Construct one visualization for each of these 4 explanatory variables and SWR. For each, write 1-2 sentences summarizing what you learn from the plot. Be sure to discuss trend, variability/dispersion about the trend, and any notable outliers.

Exercise 3: Causal diagram

We are interested in the relationship between BodyweightKg and SWR but are concerned about Age, Sex, and Equipment as potential confounders.

Part a

Draw a causal diagram that shows how these 5 variables might be related. Draw this by hand or software and save the file as pp3_dag.jpg or pp3_dag.png in the same folder as this .qmd file. You can then insert the diagram as below:

![](pp3_dag.jpg)
![](pp3_dag.png)

Part b

Use visualizations to explore if Age, Sex, and Equipment have a relationship with BodyweightKg. Explain how these explorations relate to your causal diagram. Do you think that there are other confounders that would be important to consider but are missing from our data?

Exercise 4: Linear regression modeling

Research question: Are lighter or heavier lifters proportionately stronger?

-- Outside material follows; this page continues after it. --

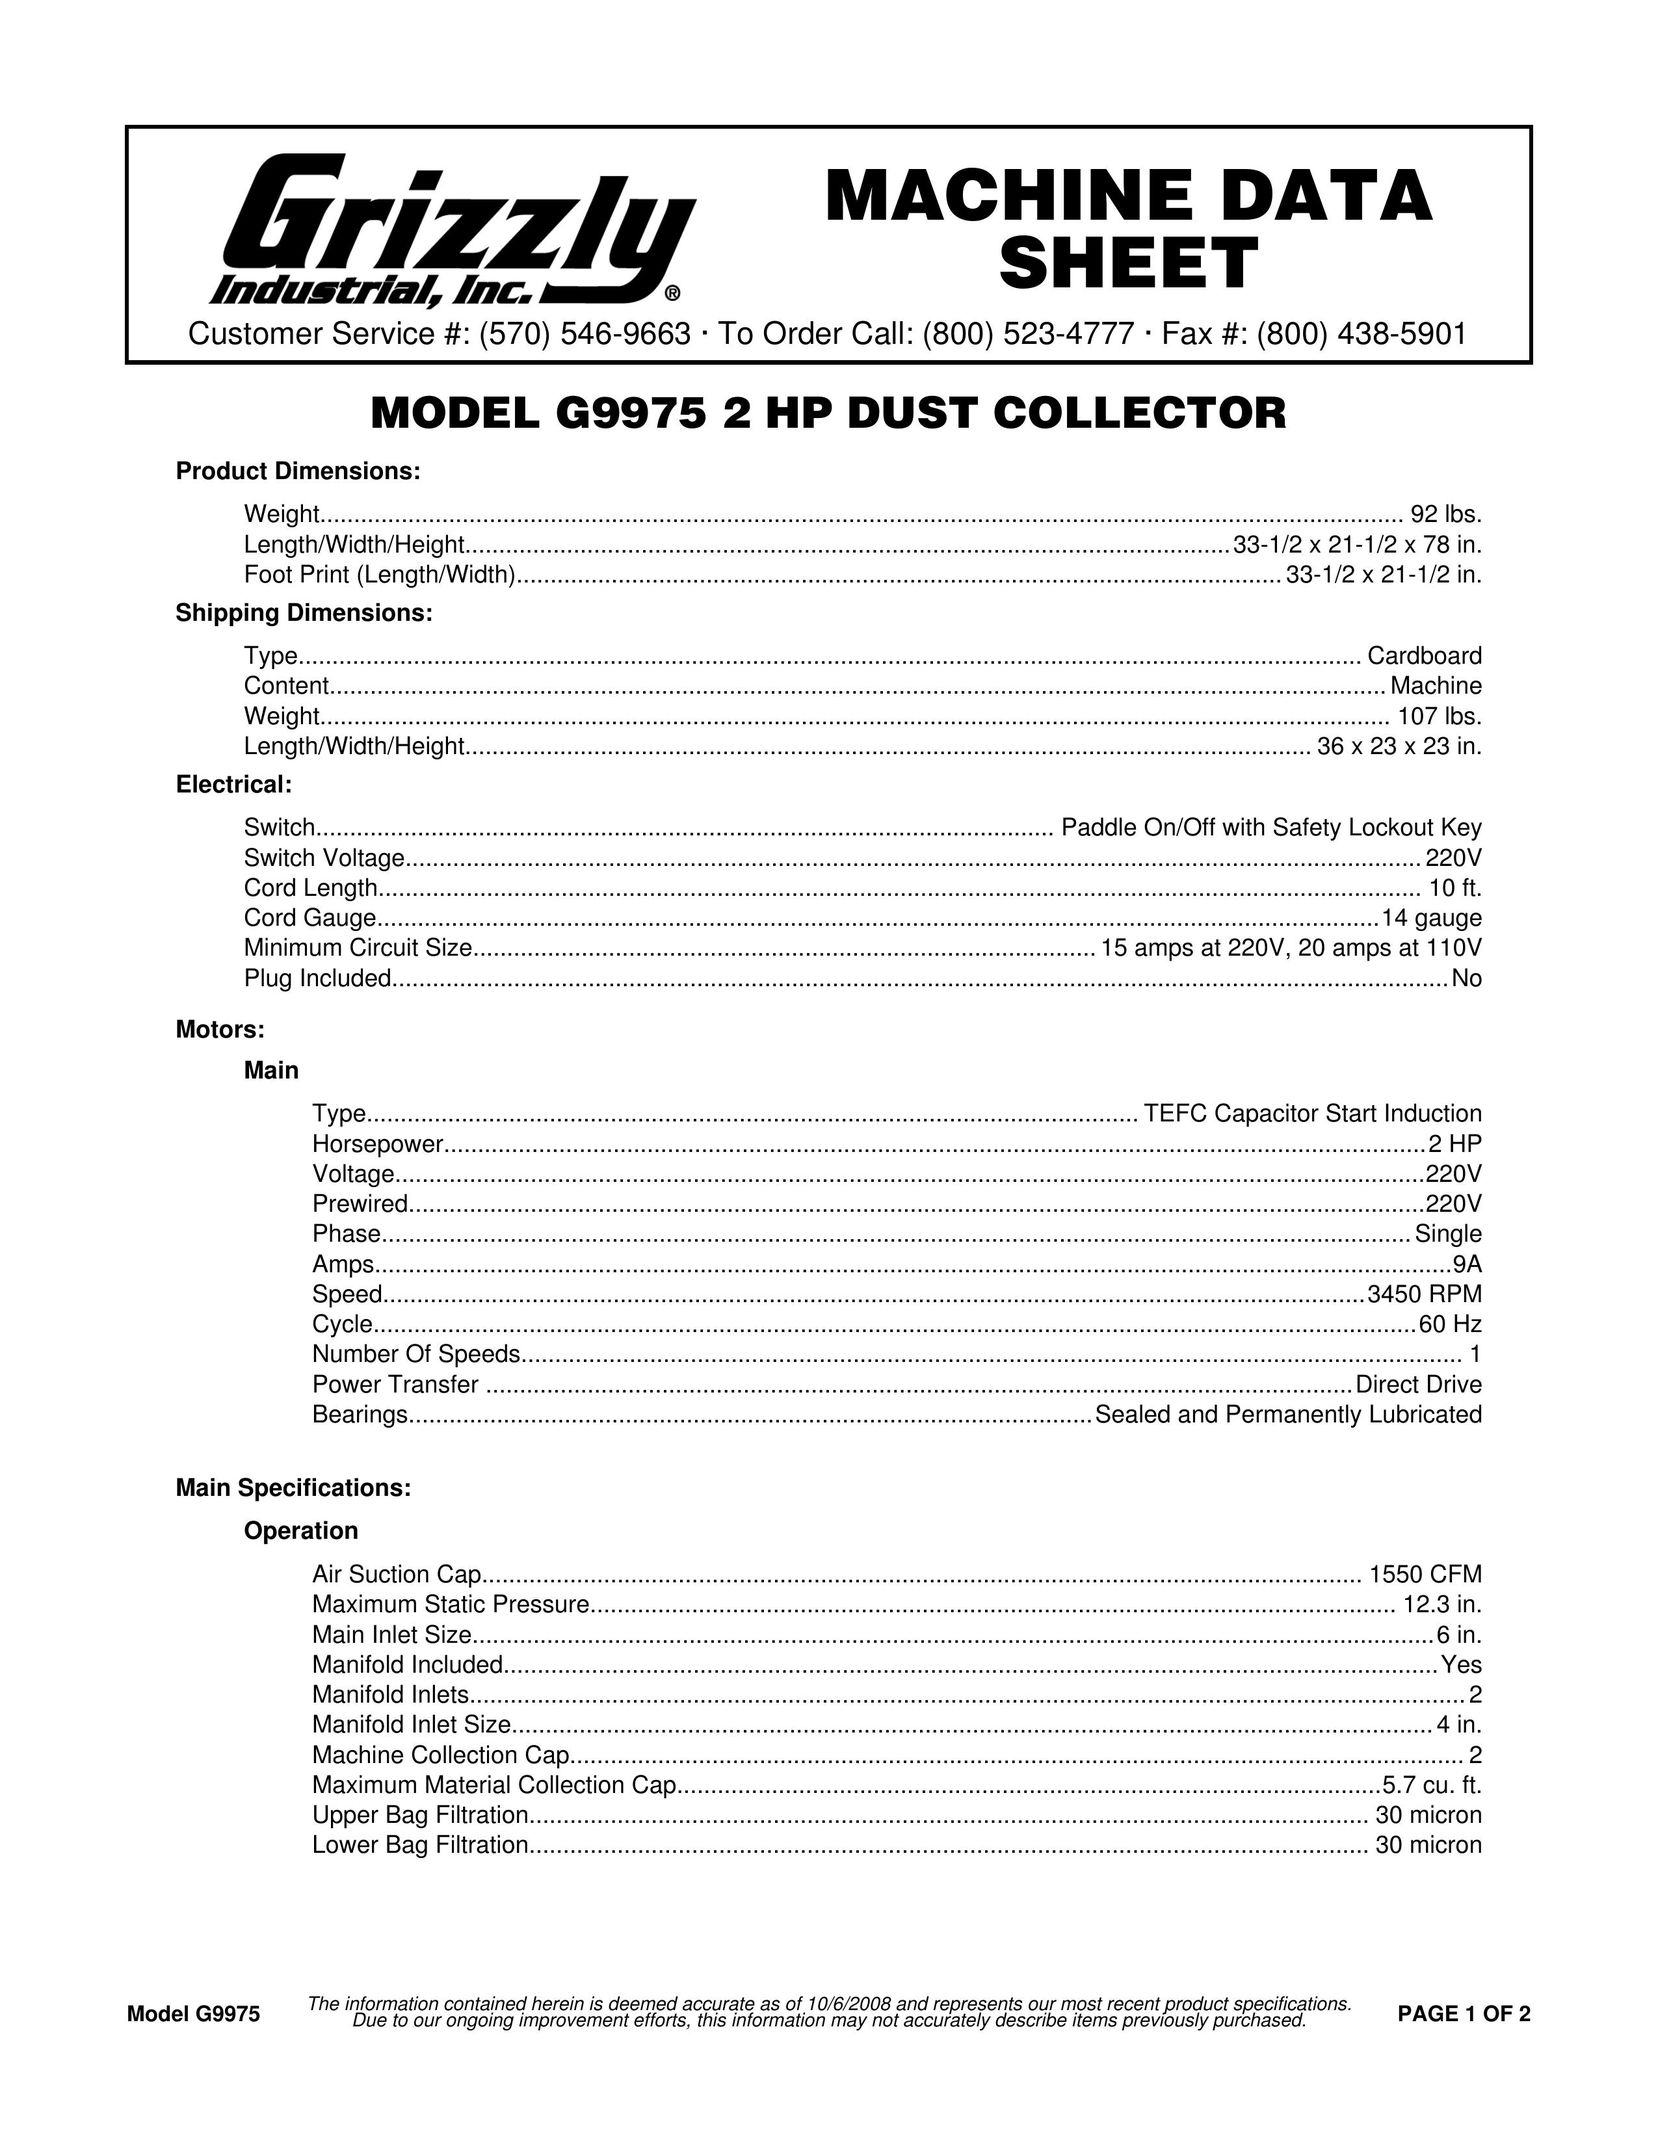 Grizzly G9975 Dust Collector User Manual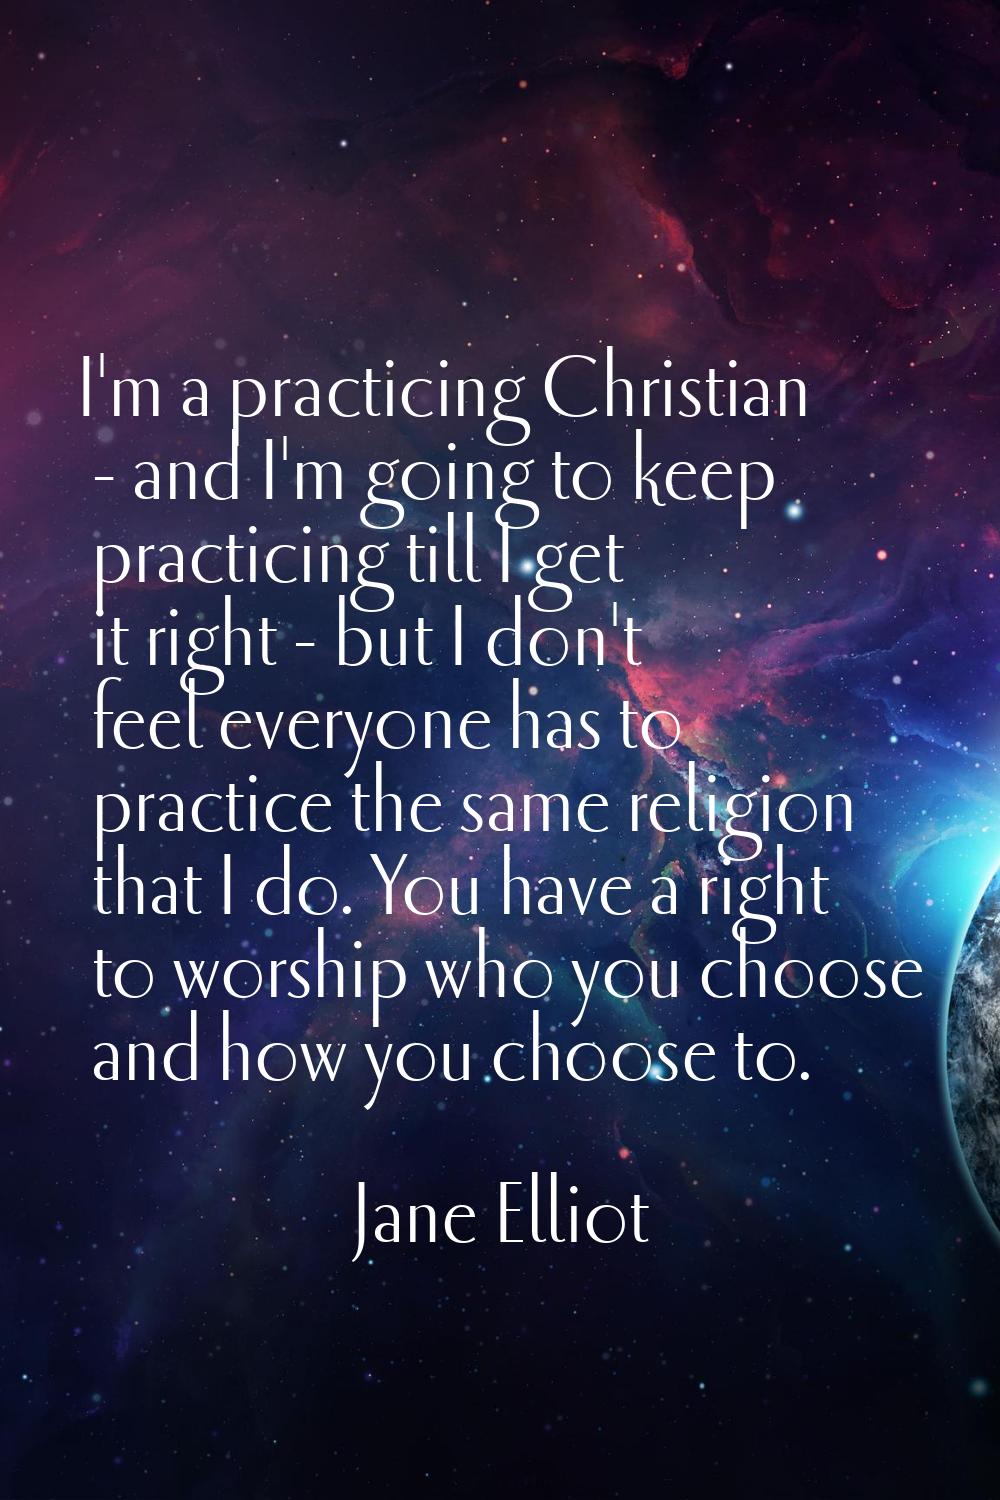 I'm a practicing Christian - and I'm going to keep practicing till I get it right - but I don't fee

Put another way, this question is getting at the causal effect of bodyweight on SWR.

Part a

Fit an appropriate linear regression model that answers our research question.

Part b

Interpret the coefficient that answers our research question. Make sure to use appropriate causation vs. association language, include units, and talk about averages rather than individual cases.

Part c

Interpret the remainder of the coefficients (including the intercept). Is it meaningful to interpret the intercept in this context?